§ **Task to carry out**
Don't include any picture when you restate the data word for word.

§ **Material provided**

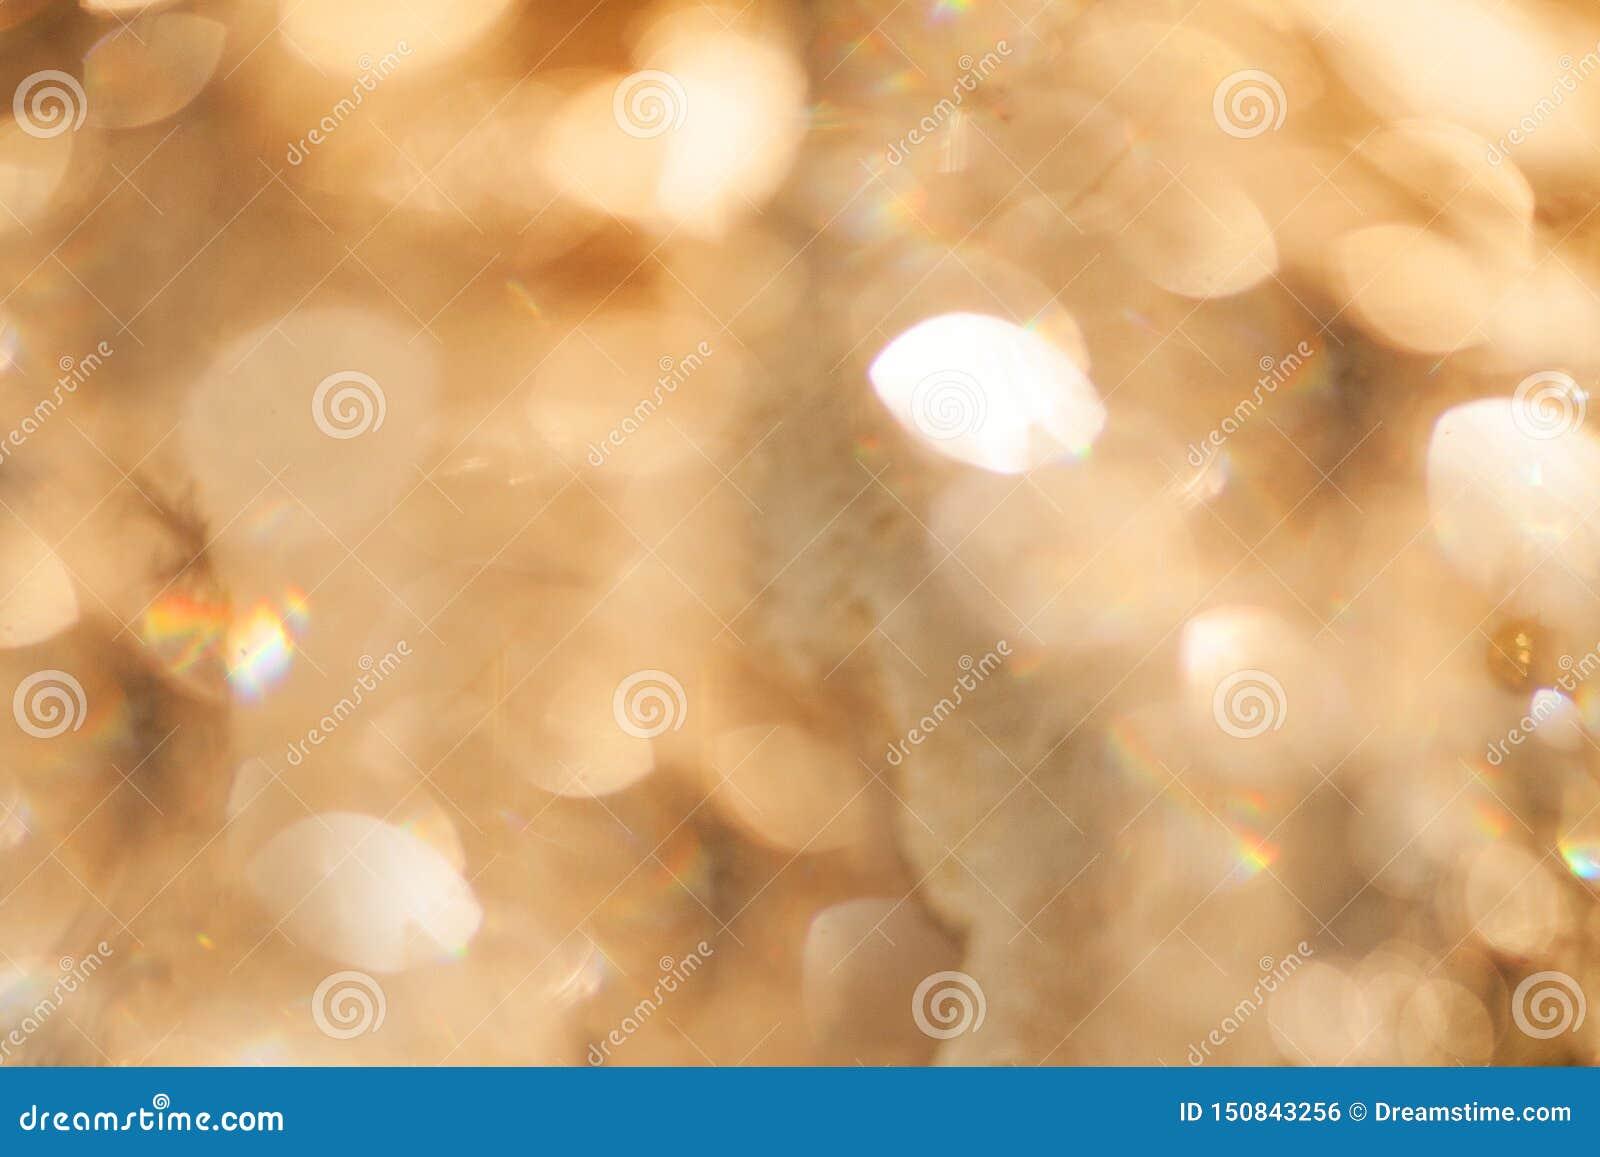 Abstract bokeh golden background texture
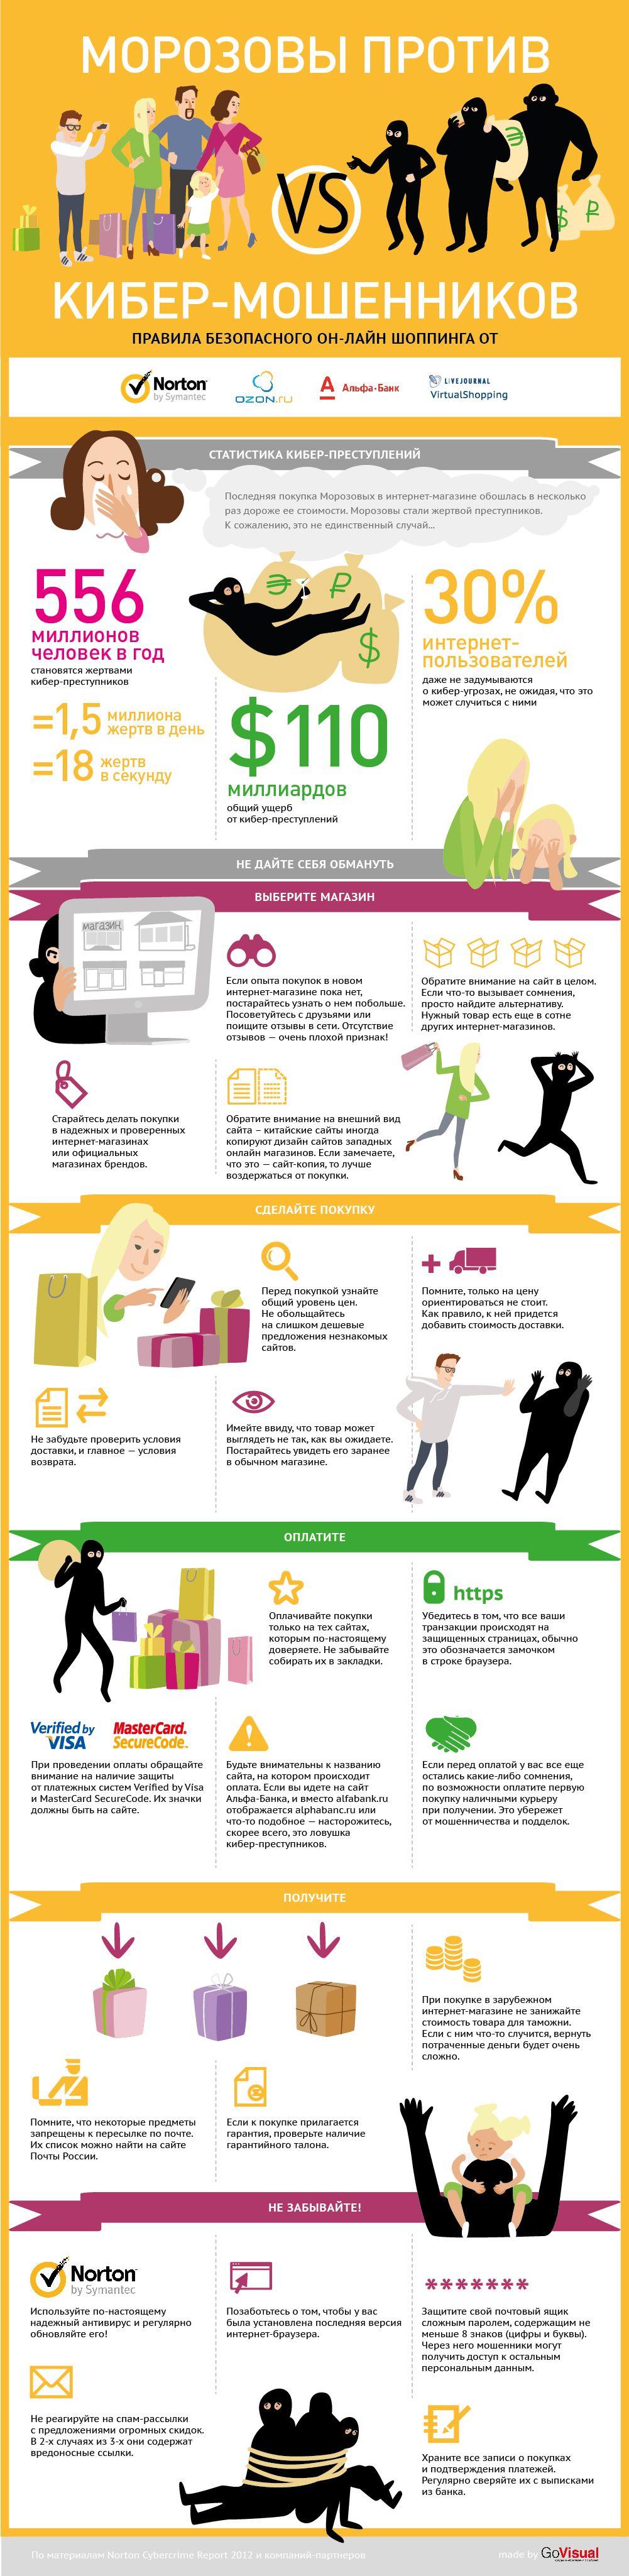 Правила безопасного он-лайн шопинга
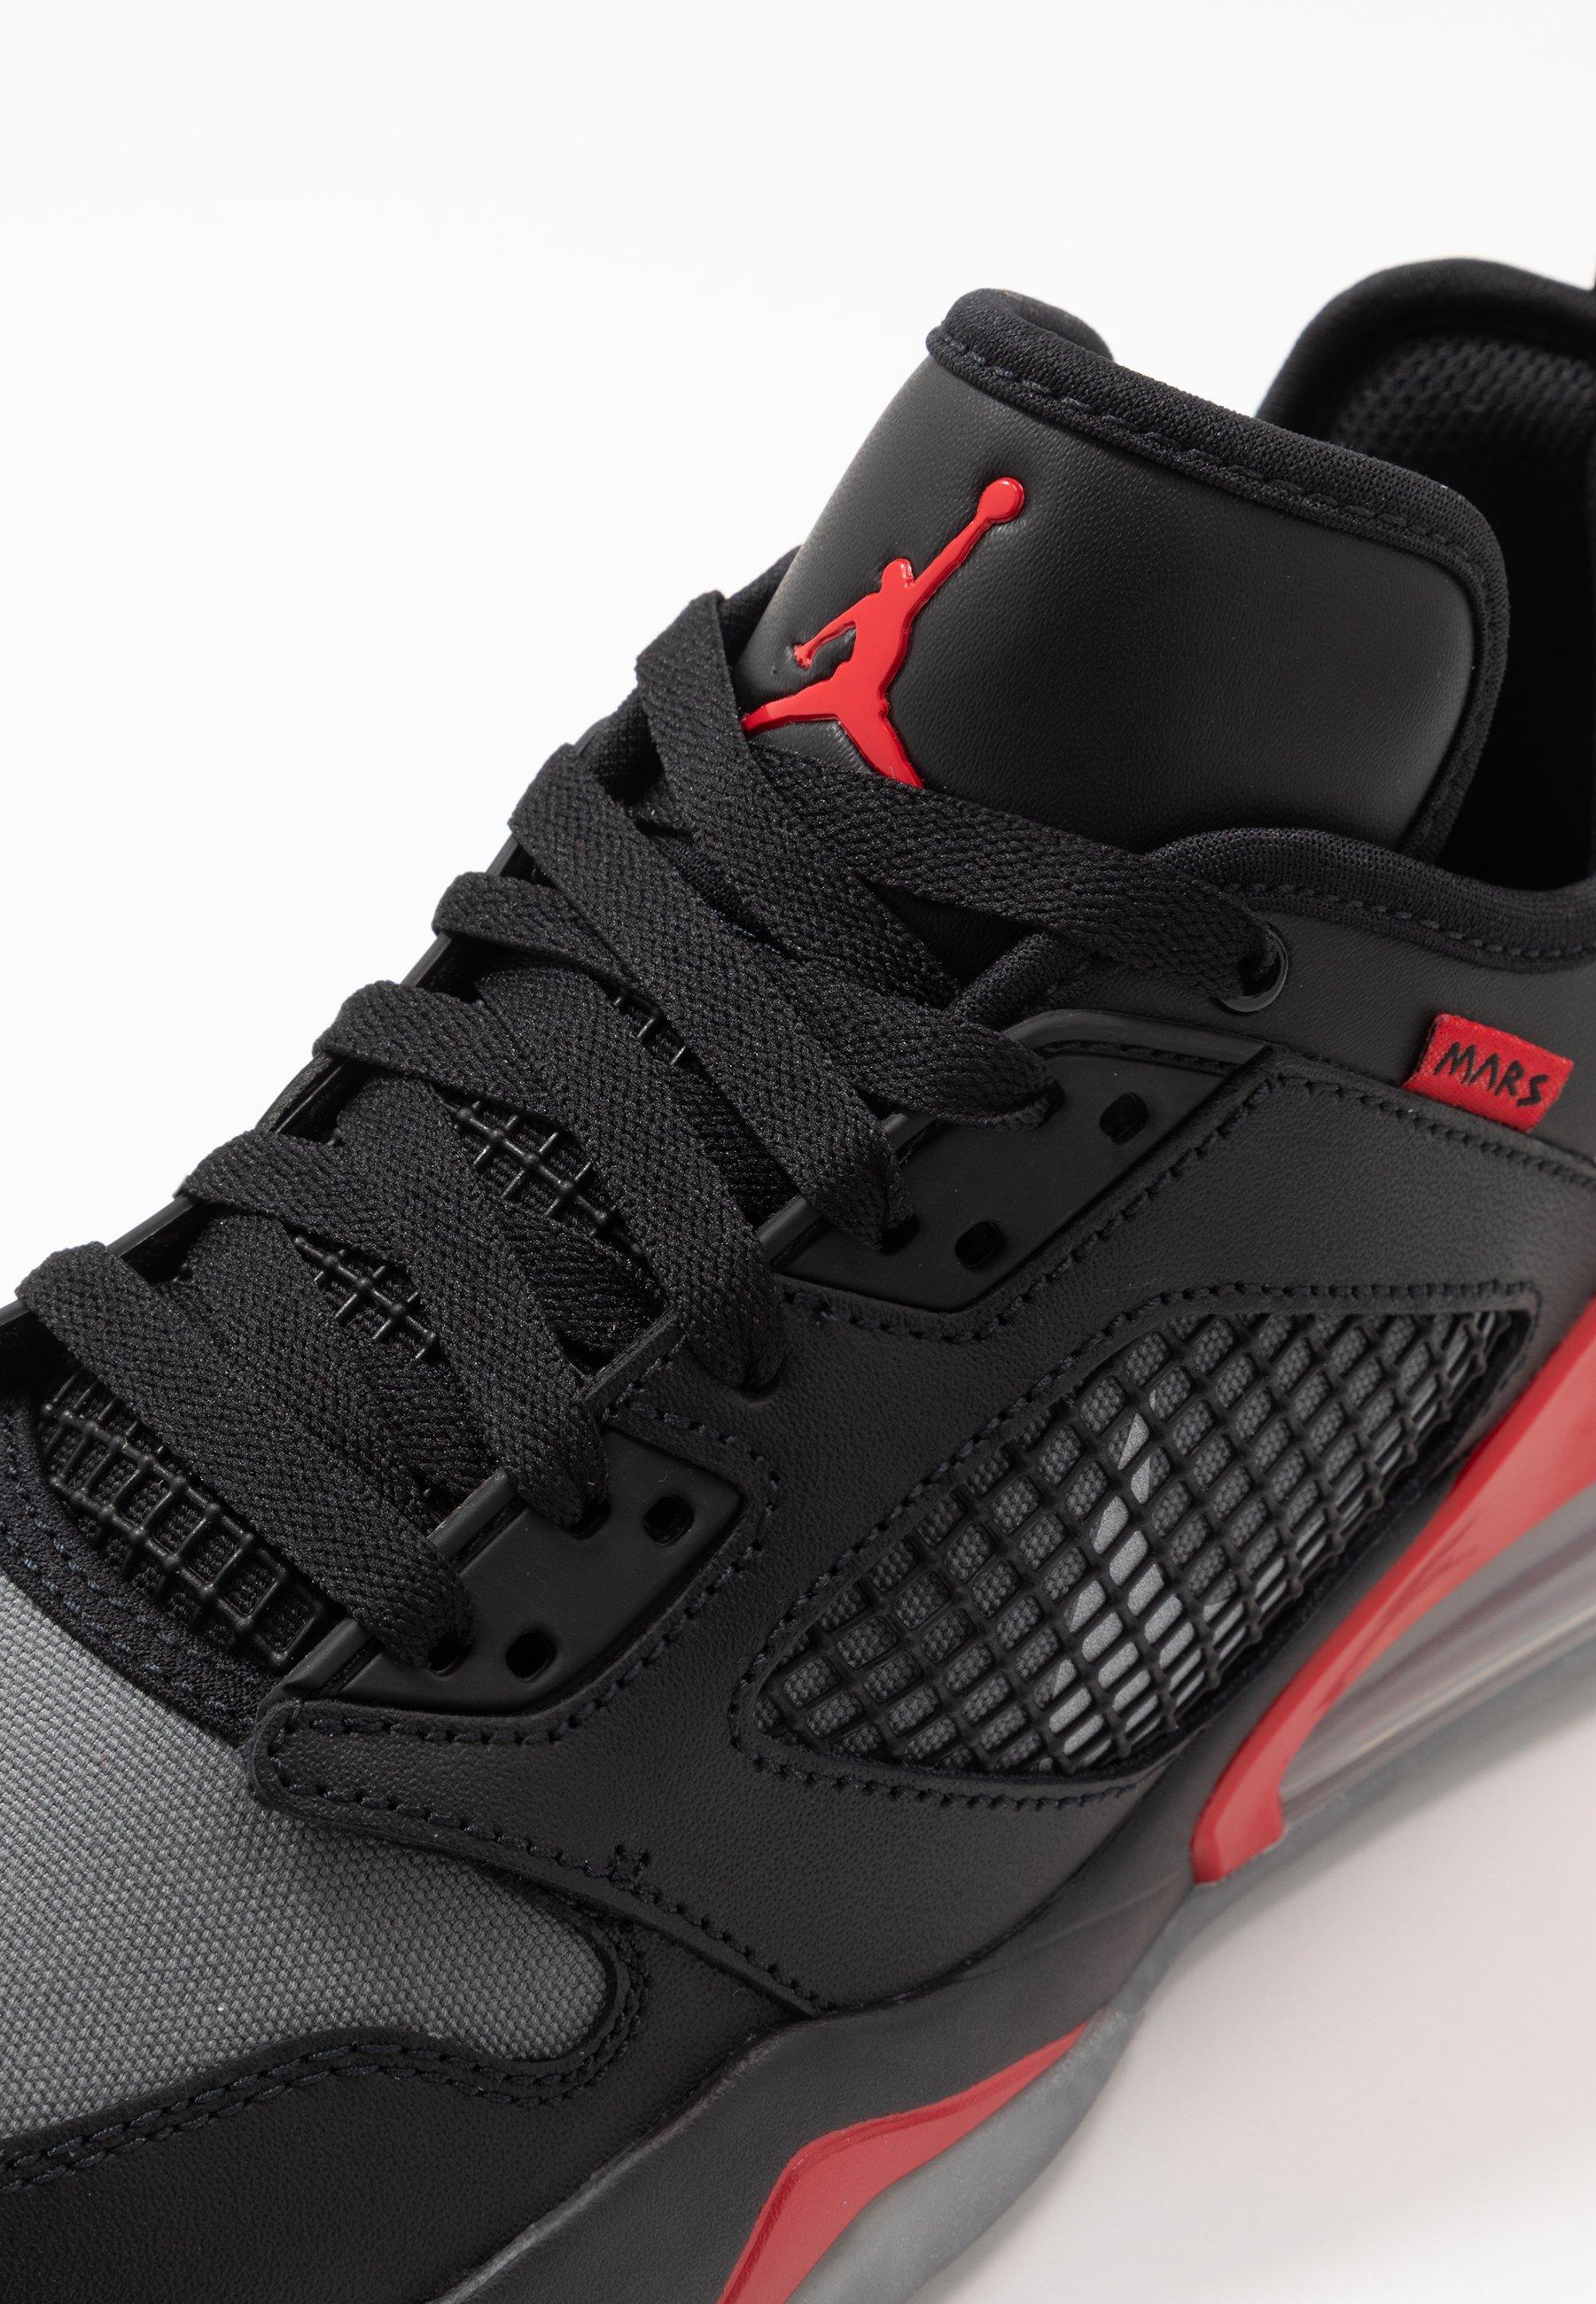 Jordan Mars 270 - Sneakers Laag Black/metallic Silver/university Red/wolf Grey/dark Grey/white Goedkope Schoenen

§ **Your response**
 Abstract bokeh golden background texture
 Правила безопасного он-лайн шопинга
 Jordan Mars 270 - Sneakers Laag Black/metallic Silver/university Red/wolf Grey/dark Grey/white Goedkope Schoenen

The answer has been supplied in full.